::: Data provided

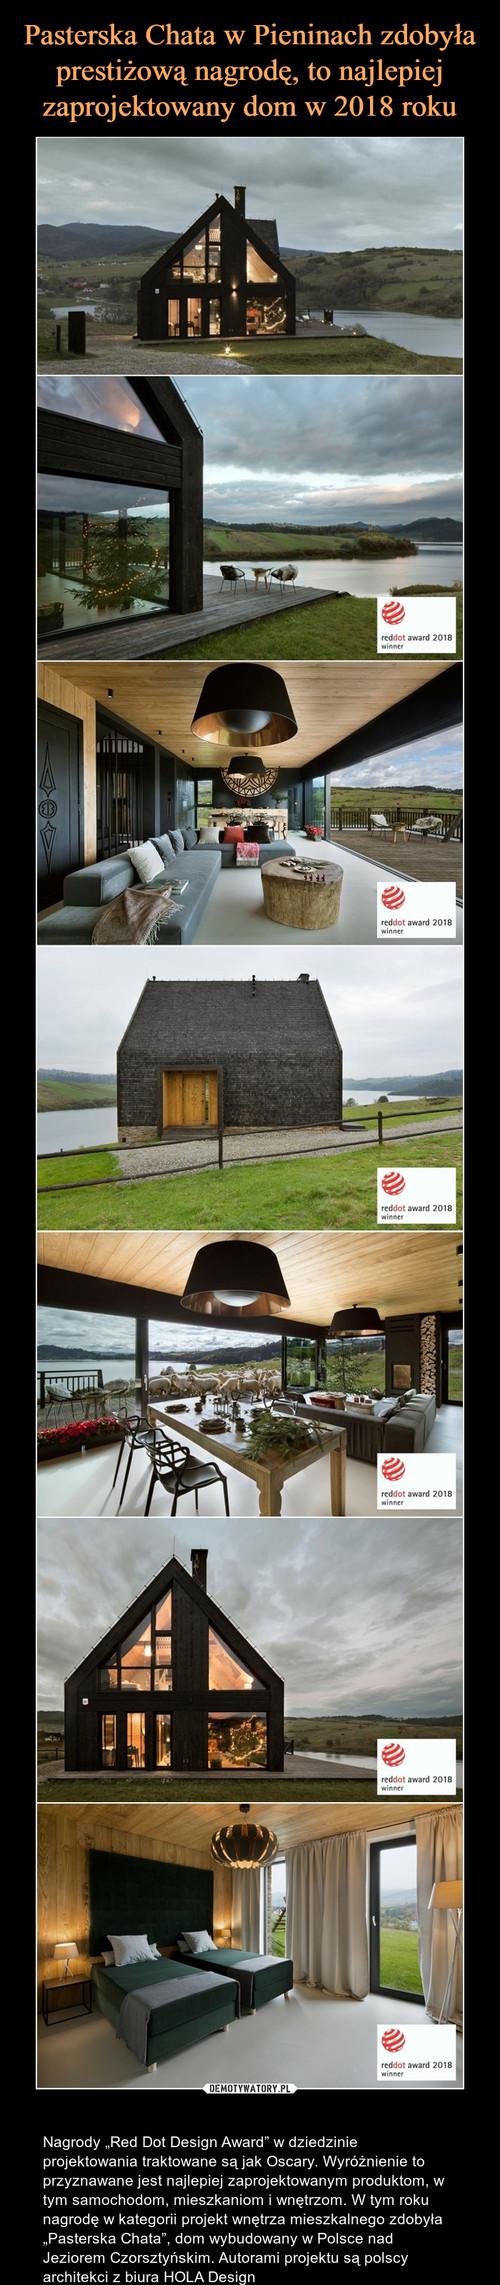 Pasterska Chata w Pieninach zdobyła prestiżową nagrodę, to najlepiej zaprojektowany dom w 2018 roku
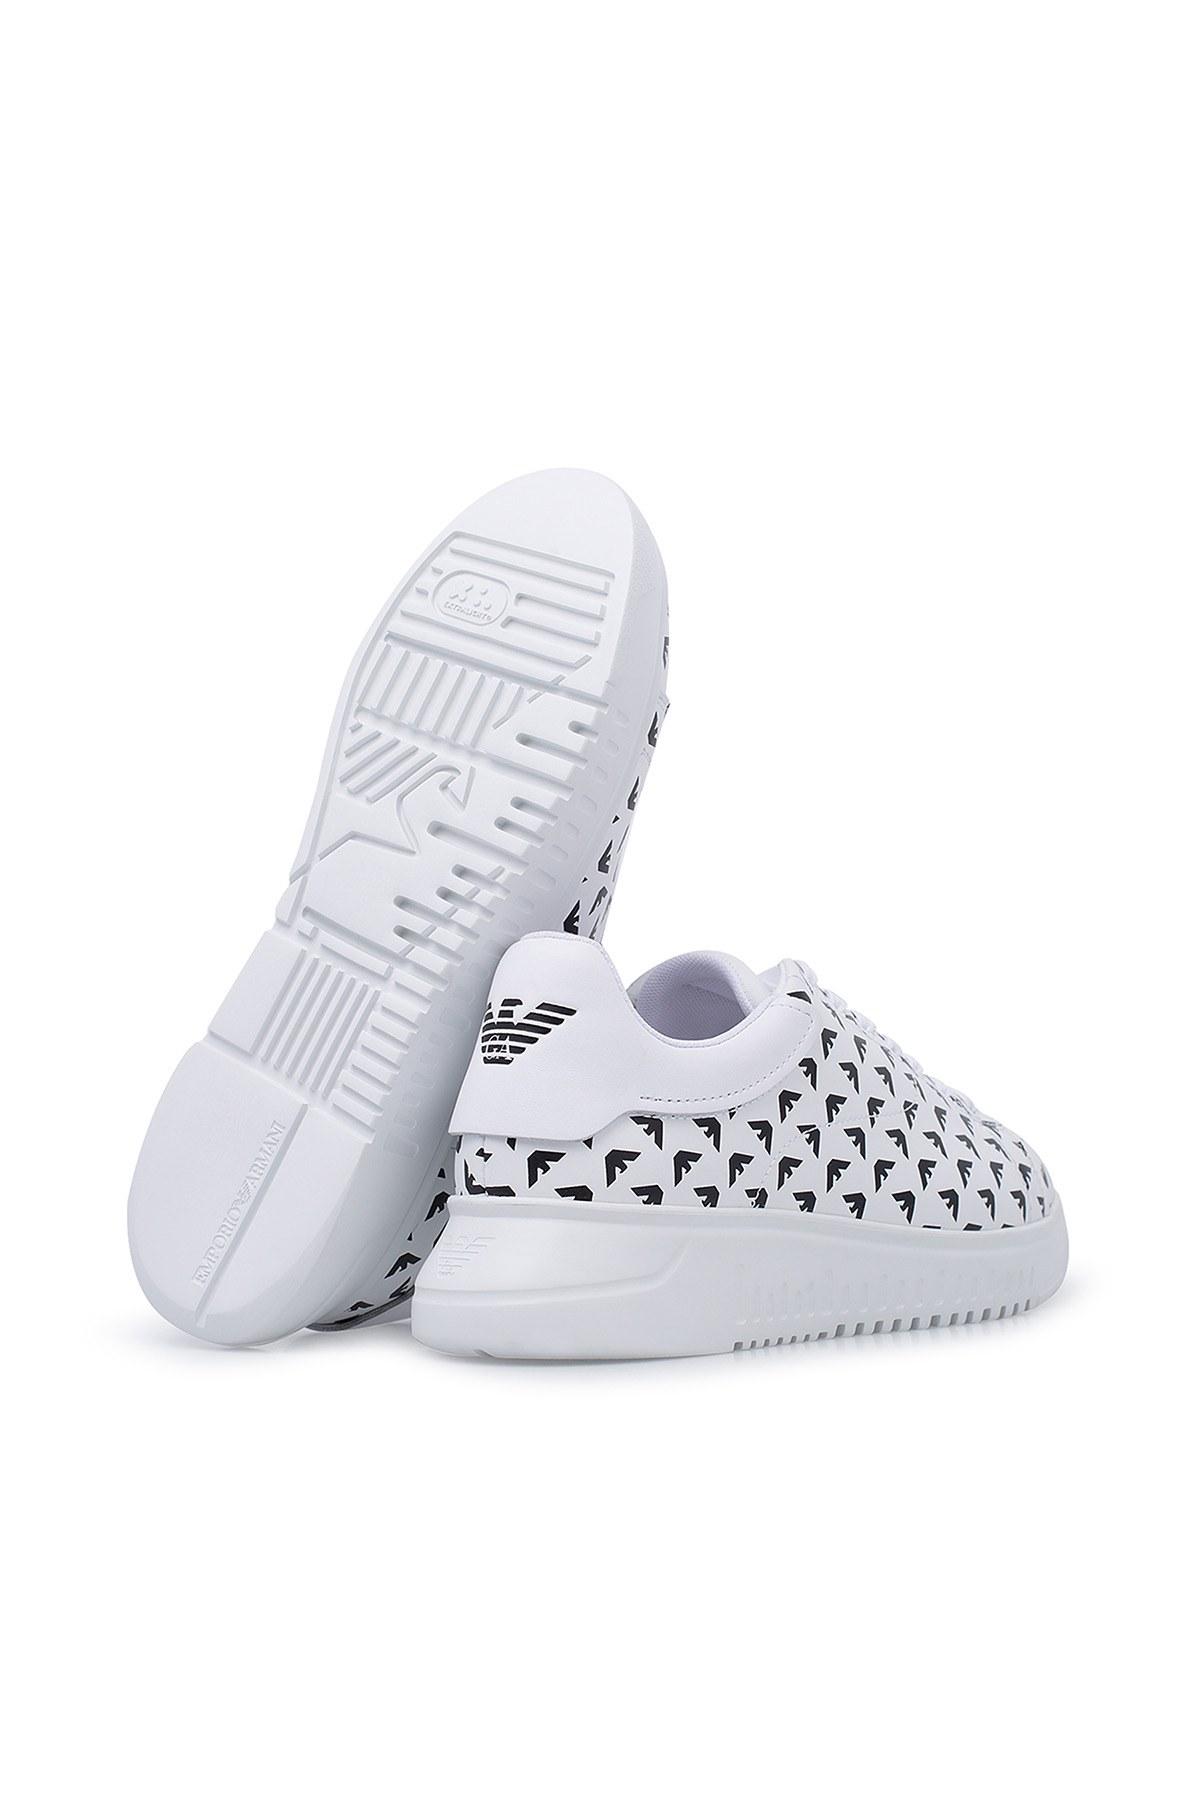 Emporio Armani Erkek Ayakkabı X4X264 XM235 C917 BEYAZ
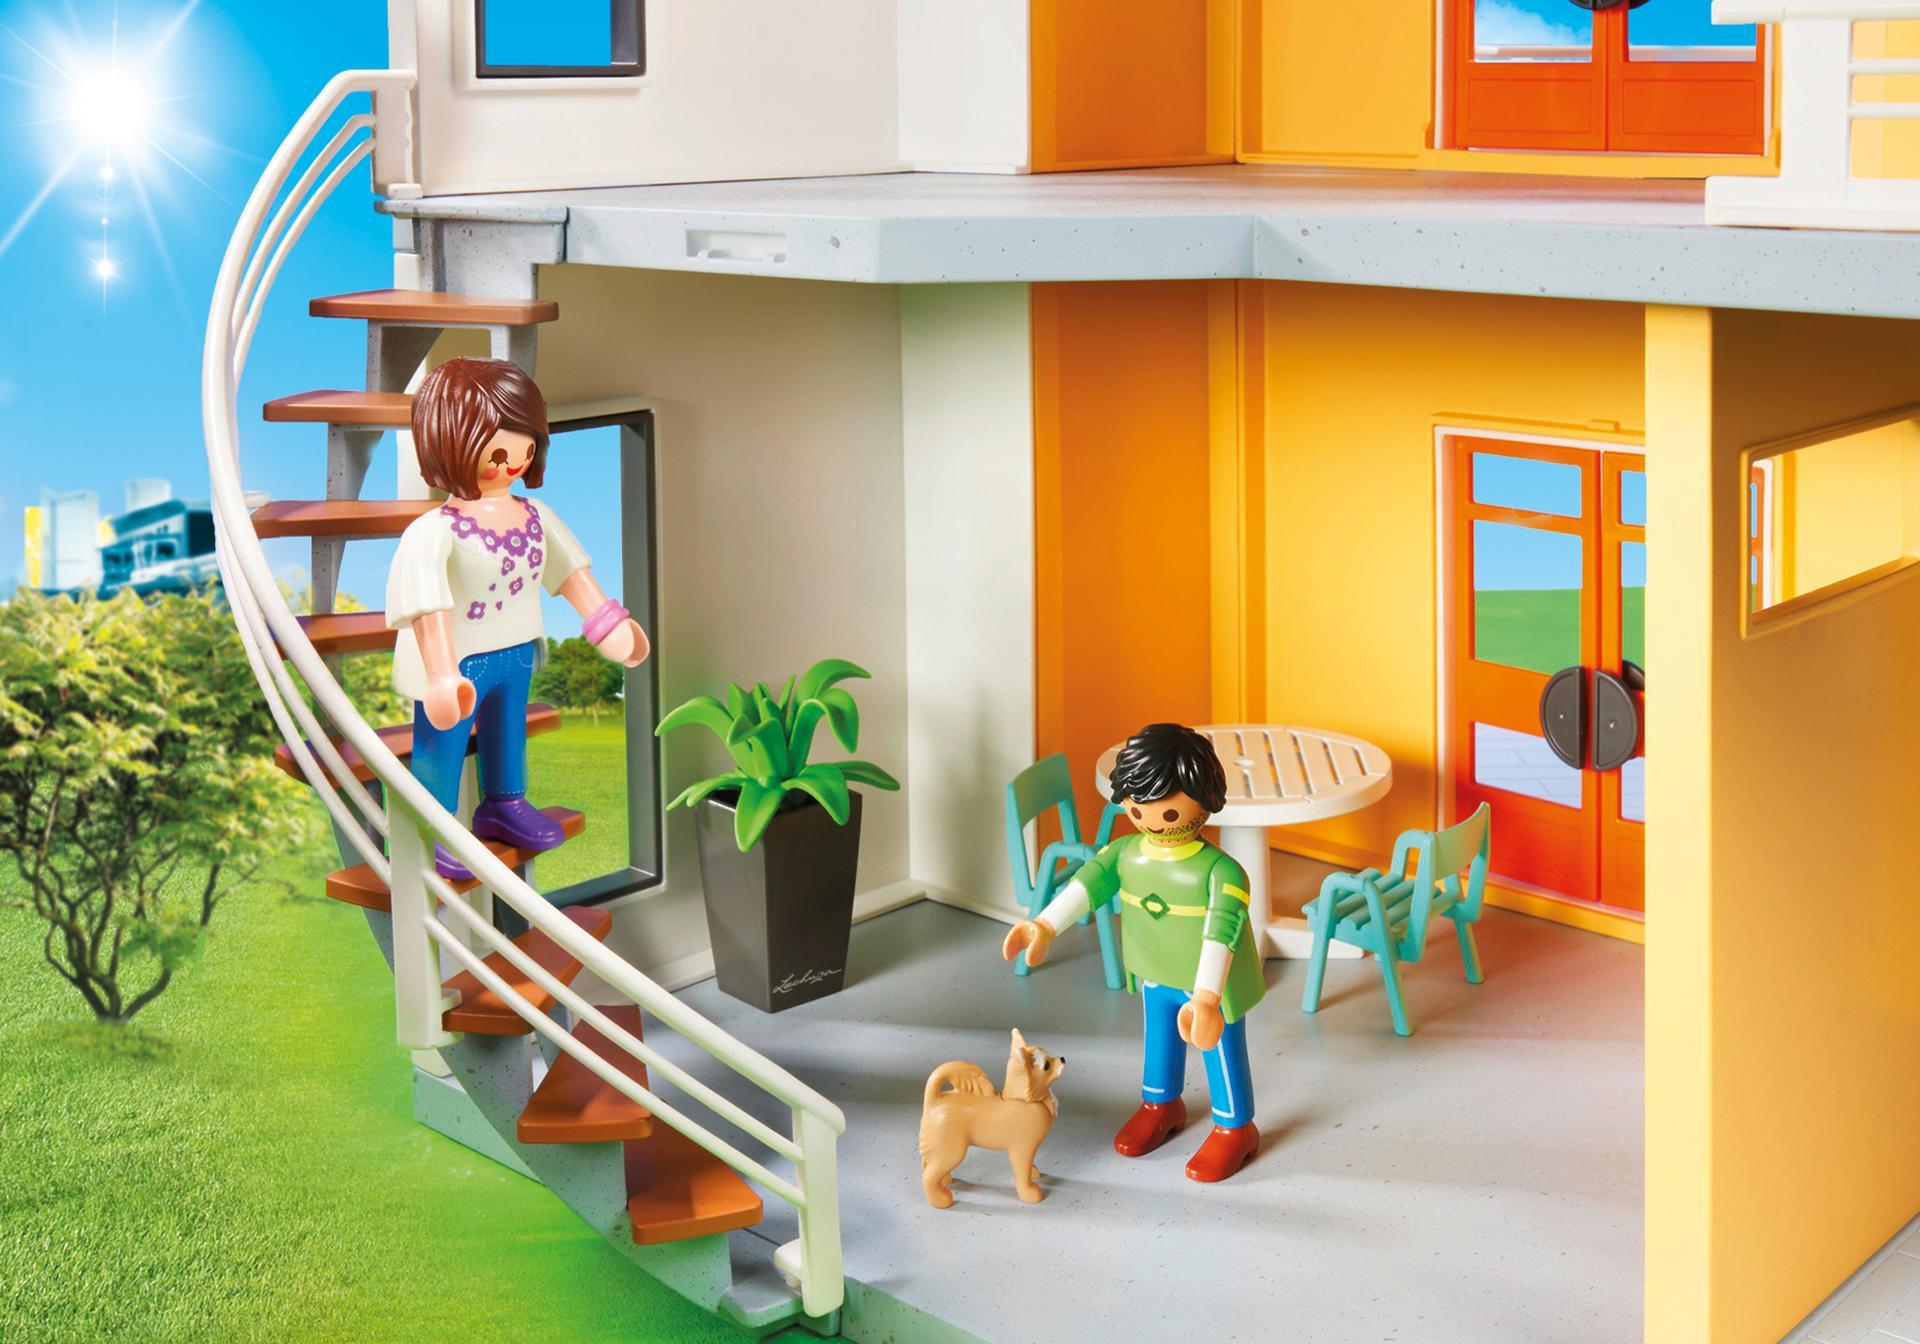 Maison moderne 9266 playmobil belgi for Maison moderne playmobil 2018

::::::

§ **Brief**: This task calls for restating, word for word, each line from the line holding "Emporio Armani Erkek" through the end of the material, pictures left out.

§ **Response to this exercise**:
 Emporio Armani Erkek Ayakkabı X4X264 XM235 C917 BEYAZ
 Maison moderne 9266 playmobil belgi for Maison moderne playmobil 2018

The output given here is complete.